– На сытой службе орденов не дождёшься, верно? – улыбнулся Мишель в своей неподражаемой манере. Он выглядел так, словно уголки губ зацепили рыболовными крючками и привязали леской к ушам. – Я много про это думал, братец, война – есть плодородная почва, в которой быстро и обильно вырастают плоды. Да, порой земля удобряется телами тех, кому не свезло. Зато остальные сполна получают от щедрот её.

Было слышно, как с преувеличенной силой скребут по бумаге перья. Майор Некрасов вздохнул, он знал, что в эту минуту каждый из его подчинённых с любопытством прислушивается.

Ну-ка! Что ответит командир?

– Послушай, Гуров…

– Я же просил: называй меня Мишель!

– Хорошо, – пожал плечами Некрасов, – ты же знаешь, я – начальник делопроизводства, а не советник Хрусталёва. Он терпеть не может меня и мои отчёты. А насчёт солдатской доли не соглашусь. Мы винтики в машине победы. Наш долг – с честью исполнять то, к чему приставлены должностью и высочайшим повелением. Мой – писать приказы, твой – подавать его высокопревосходительству яичницу и оранжад.

Мишель закатил глаза, поправил на поясе затёртую от частых упражнений саблю. В его голосе звенел булат.

– Вот поэтому французы с англичанами нас и победят… Не боятся руки испачкать. Не чистоплюйничают, как ты, Виталь! Вот скажи мне, зачем им понадобилась война?

– Ну и зачем? – вздёрнул подбородок Некрасов.

– Да всё просто: не желают допускать нас к Чёрному морю. Не хотят торгового усиления России. Обычная коммерция, хоть и на государственном уровне. Зато какие лозунги! Свободная Турция, мать её. Настурция… Не сверкай глазами, не сверкай, братец… В глубине души ты знаешь, что я прав. Мой тебе совет: бери пример с европейцев. Они не ловят химер. Что выгодно им, то выгодно их собственной стране. И наоборот.

Виталий Сергеевич ответил с ледяной вежливостью:

– Почему бы тебе, Мишель, не перейти к противнику на службу? Я, быть может, и чистоплюй, но тебя весь полк знает как заядлого любителя французов! Что есть у них, чего нет у нас? Практичность? Допустим. Но ведь это палка о двух концах. Взять хотя бы твой знаменитый штуцер. Он практичен, но вместе с тем и страшен. Пуля Тамизье, которой он стреляет, бьёт дальше и точнее наших, но она крошит на части кости, мышцы и сухожилия. Не оставляет раненому даже надежды. Не слишком ли высокая цена за сугубо практичный результат?

– Открою тебе секрет, – рявкнул Мишель, – на войне солдаты не целуются, а убивают друг друга.

– Во-первых, – Виталий Сергеевич стал загибать пальцы, – по уставу врага надлежит лишь обезвредить. Во-вторых, да – на войне порой приходится друг друга убивать, но делать это следует с честью и известной долей милосердия.

Раздался оглушительный стук. Это ординарец выронил на паркет злополучное ядро.

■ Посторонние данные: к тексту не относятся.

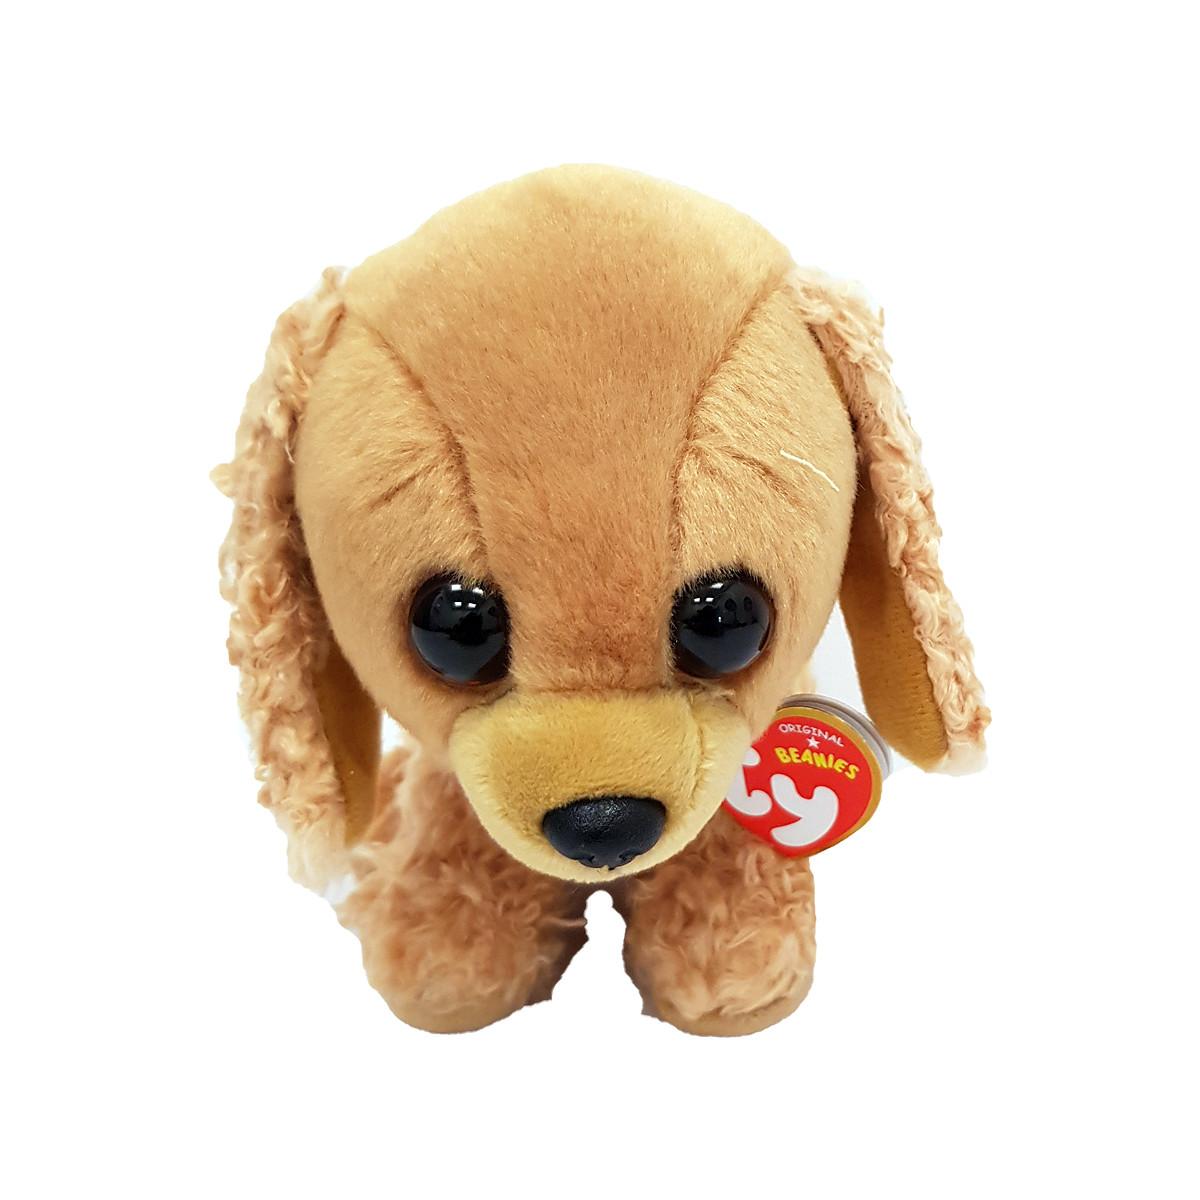 252f10912fc Age  18 months+. Ty Beanie Babies 15cm Soft Toy - Sadie
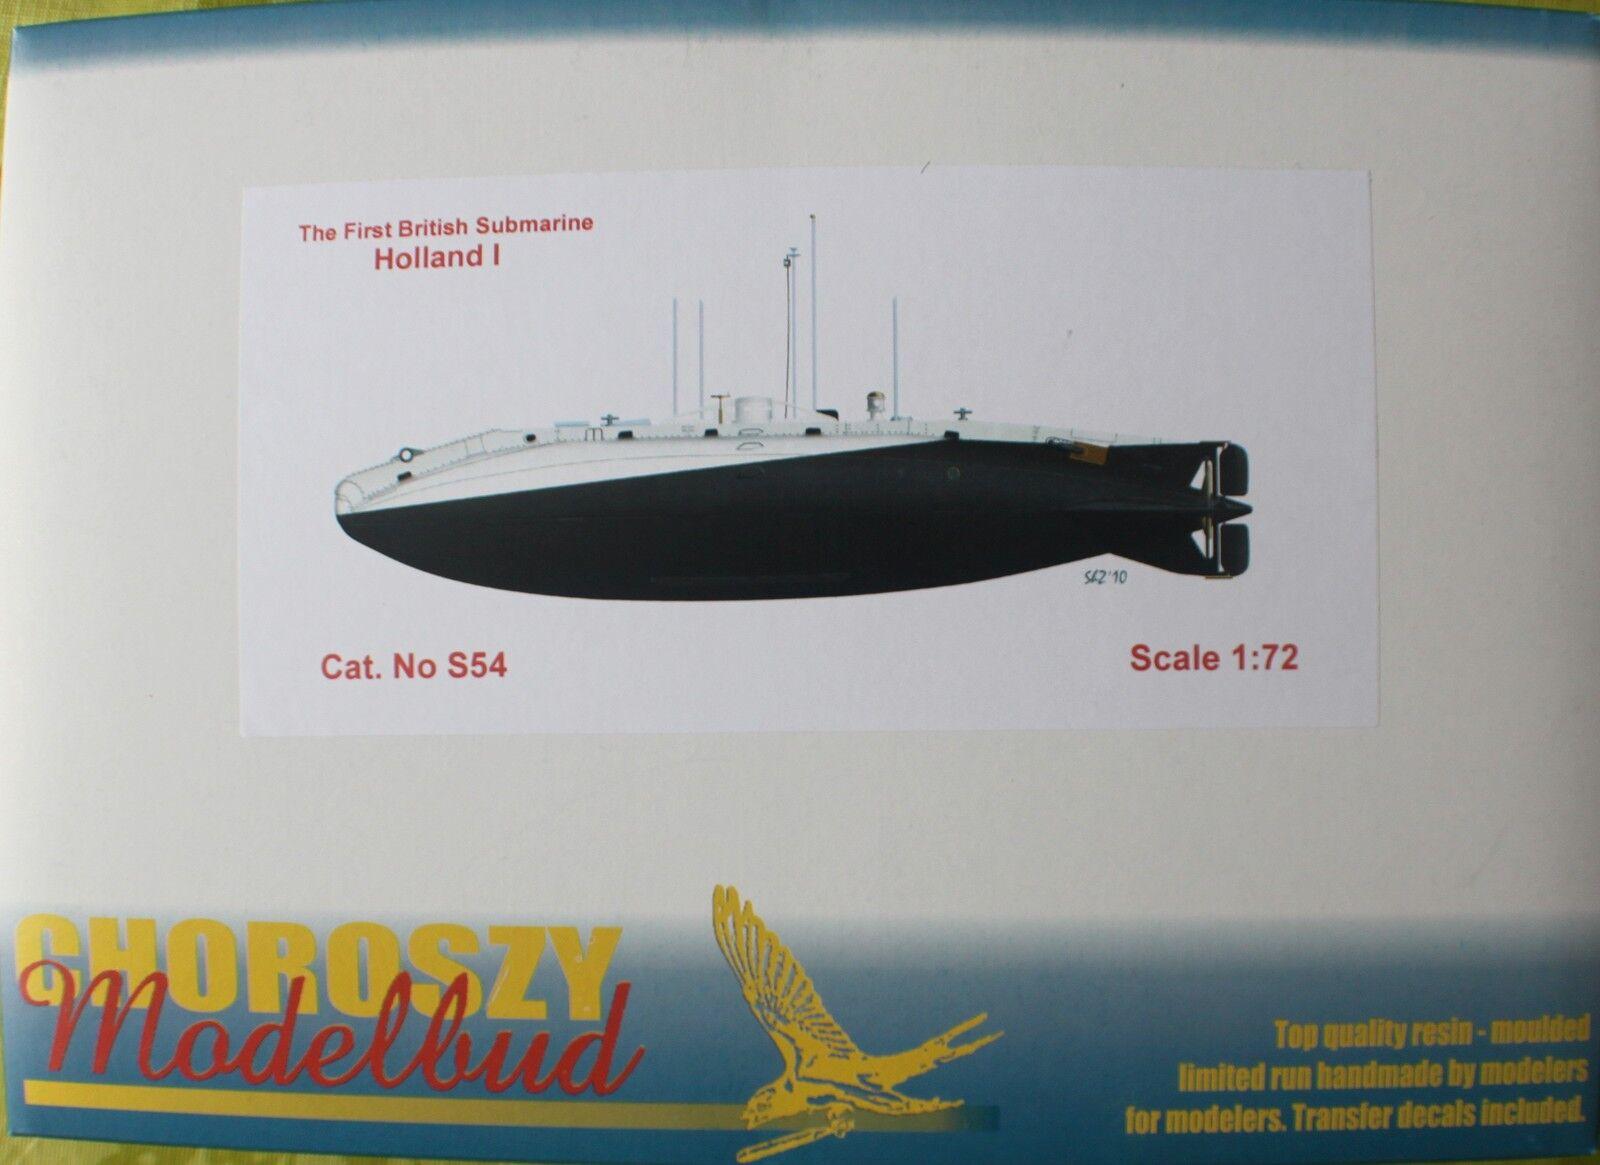 S54-The First British Submarine HOLLAND I-Chgoldszy-1 72

– Вот елдыга надутая! Прощения просим, ваш бродь! Само выскочило…

На него не обратили внимания.

– Э бьен! Зайдем с противоположной стороны, Виталь, – вновь улыбнулся Мишель и примирительно вскинул ладони. Его пышные усы лоснились, как кот на солнышке, а щёки, наоборот, были столь гладко выбриты, словно на них отродясь не росла щетина. – Глянь-ка, что я тебе принес: французская микстура от боли. Не спрашивай, где взял. Там больше нету!.. Пойдем, братец, в царство болезней и пролежней – проведаем твоего раненного капитана.

Некрасов скрипнул зубами. Кабы не долг перед подчинённым, послал бы его к чёрту. Со всей амуницией.

– Идём, – сказал он после минутной паузы. Паузы, показавшейся бесконечной. – Но сперва ткни на карте, куда именно ты затеял вылазку. Не могу же я в конце концов обращаться к полковнику с пустой, неконкретной просьбой.